Garold Heslinga of Oskaloosa, Iowa, was the attorney for the appellee (Katko) and Bruce Palmer and H.S. Life, also of Oskaloosa, represented the appellants (Brineys).

The Court ruled that using deadly force on intruders in an unoccupied property was not reasonable or justified and therefore not a defense to the tort of battery. Briney would have been justified in defending himself with the shotgun if he had been home during the intrusion. The plaintiff's status as a trespasser is irrelevant when assessing liability in this case.

The case is notable for the proposition that, although a landowner has no duty to make his property safe for trespassers, he may not set deadly traps against them, holding that "the law has always placed a higher value upon human safety than upon mere rights in property." The court thus ruled for Katko, entering judgment for $20,000 in actual damages and $10,000 in punitive damages.

==Aftermath==
The Brineys sold 80 of their 120 acre to pay the judgment while proceeding with an appeal. Three of the Brineys’ neighbors bought the property at auction, paying $1 more than the minimum bid of $10,000. After the appeal was denied, they made a leaseback arrangement with the Brineys, but eventually one sold his share to his son for a profit. The Brineys and Katko then joined in a lawsuit against the neighbor to create a constructive trust on the profit, but the case was settled before trial in an amount sufficient to close out the judgment against the Brineys.

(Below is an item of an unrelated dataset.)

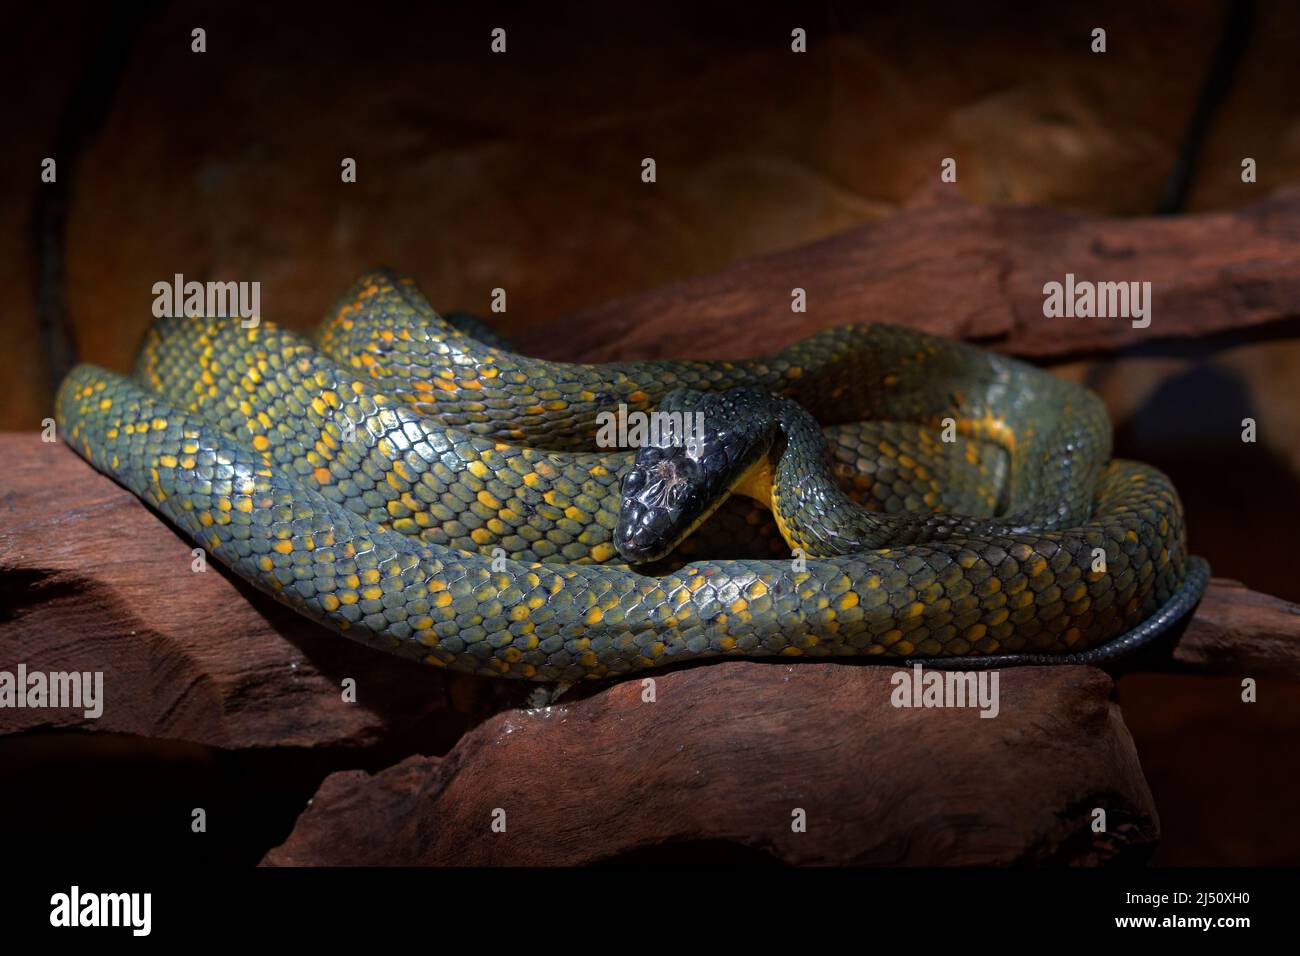 Puffing Snake, Pseustes poecilonotus, in dark habitat. Non venomous snake in the nature habitat. Poisonous animal from South America. Northern bird sn Stock Photo

As Katko's injury was misreported by the United Press International wire service as having taken place in the Briney residence, several states introduced what were called "Briney Bills" for self-defense, which was not an issue in the case. The Nebraska Legislature act, stating that "no person ... shall be placed in ... jeopardy ... for protecting, by any means necessary, himself, his family, or his real estate property", was overturned due to improper delegation of sentencing authority in State v. Goodseal (1971).

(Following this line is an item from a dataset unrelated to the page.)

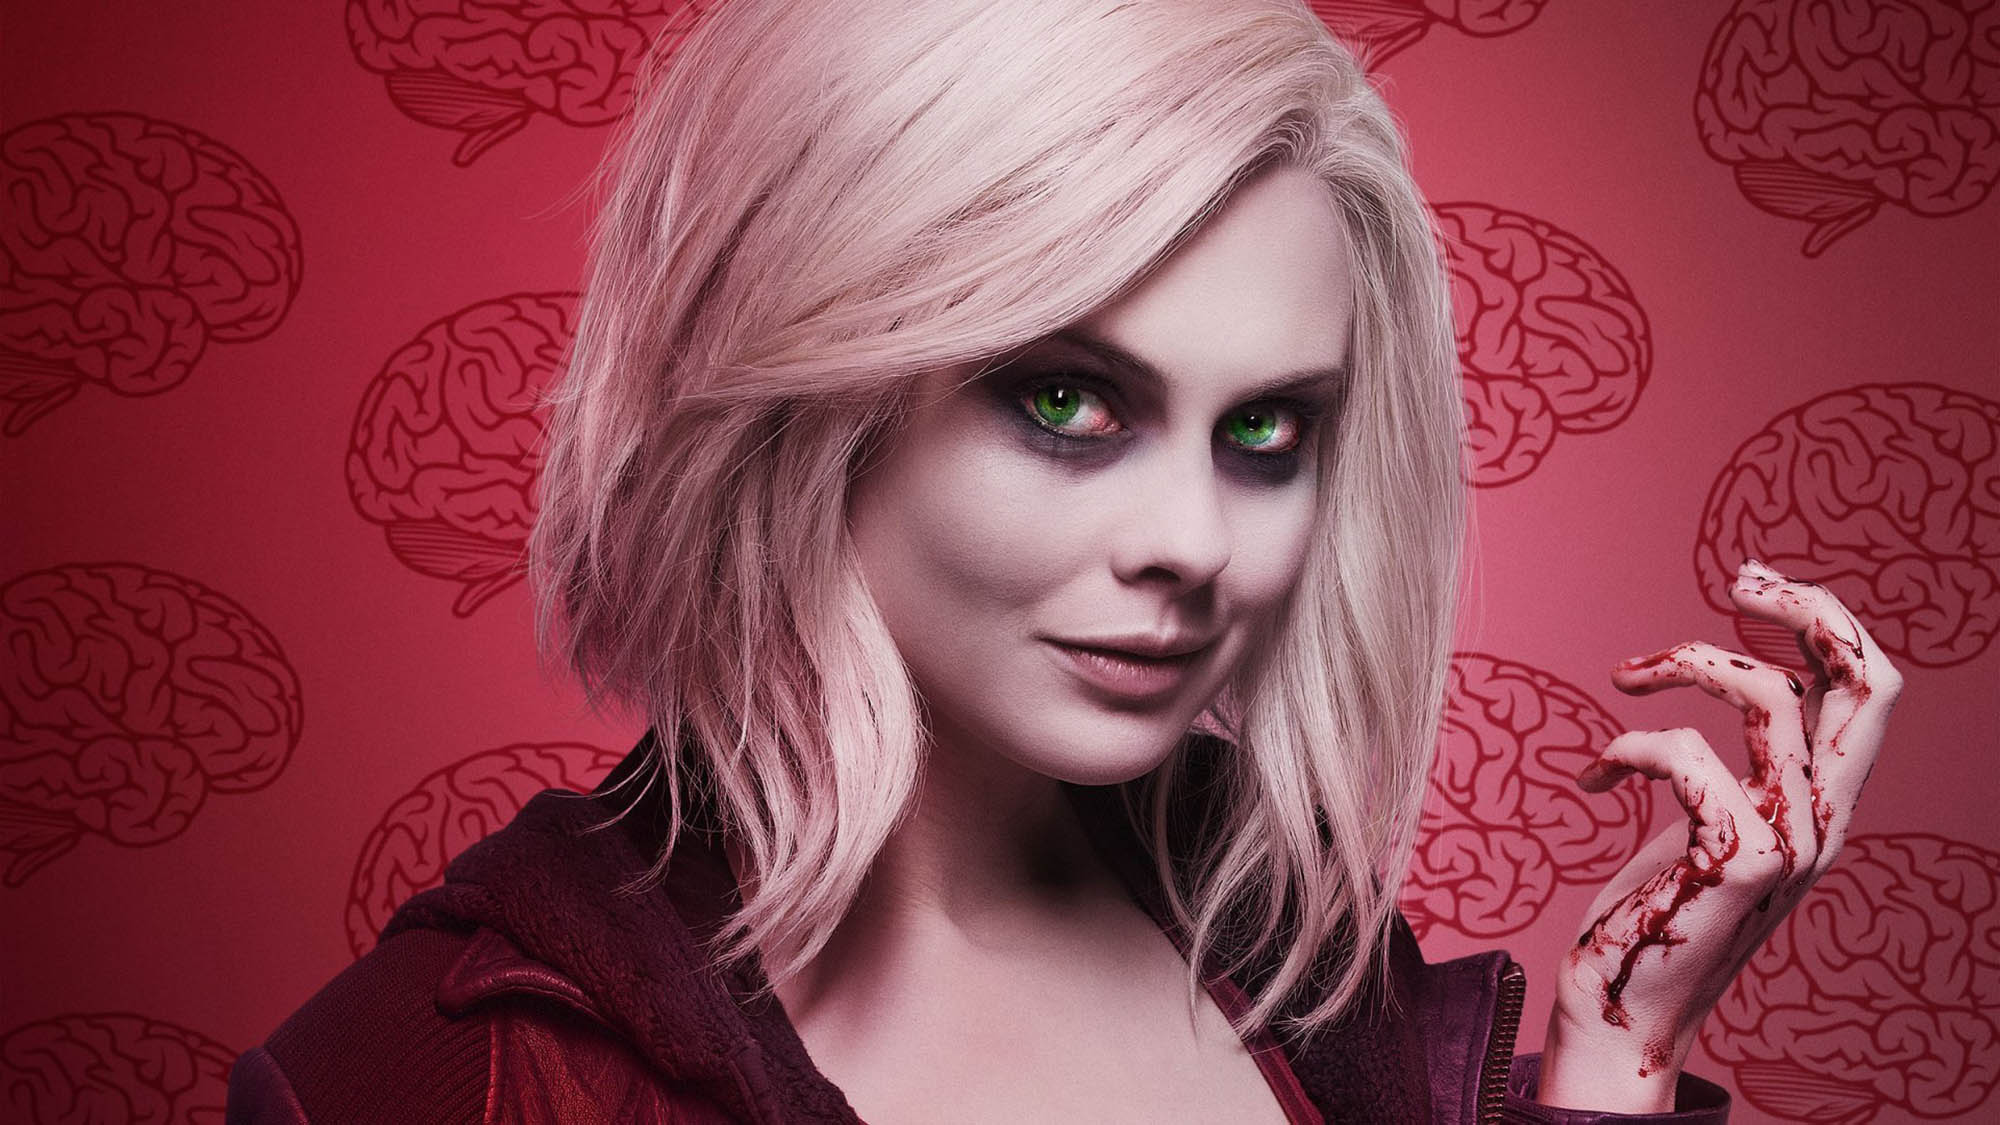 'iZombie' is a fun time. Check out our breakdown of the best brain eating moments on the show.

Four years after the case was decided, Edward Briney was asked if he would change anything about the situation. Briney replied, "There's one thing I'd do different, though: I'd have aimed that gun a few feet higher." Marvin Katko's own home was burgled in 1976, with burglars making off with several valuables. Katko later ended his own life on November 15, 1994, using a gun in the front yard of his home.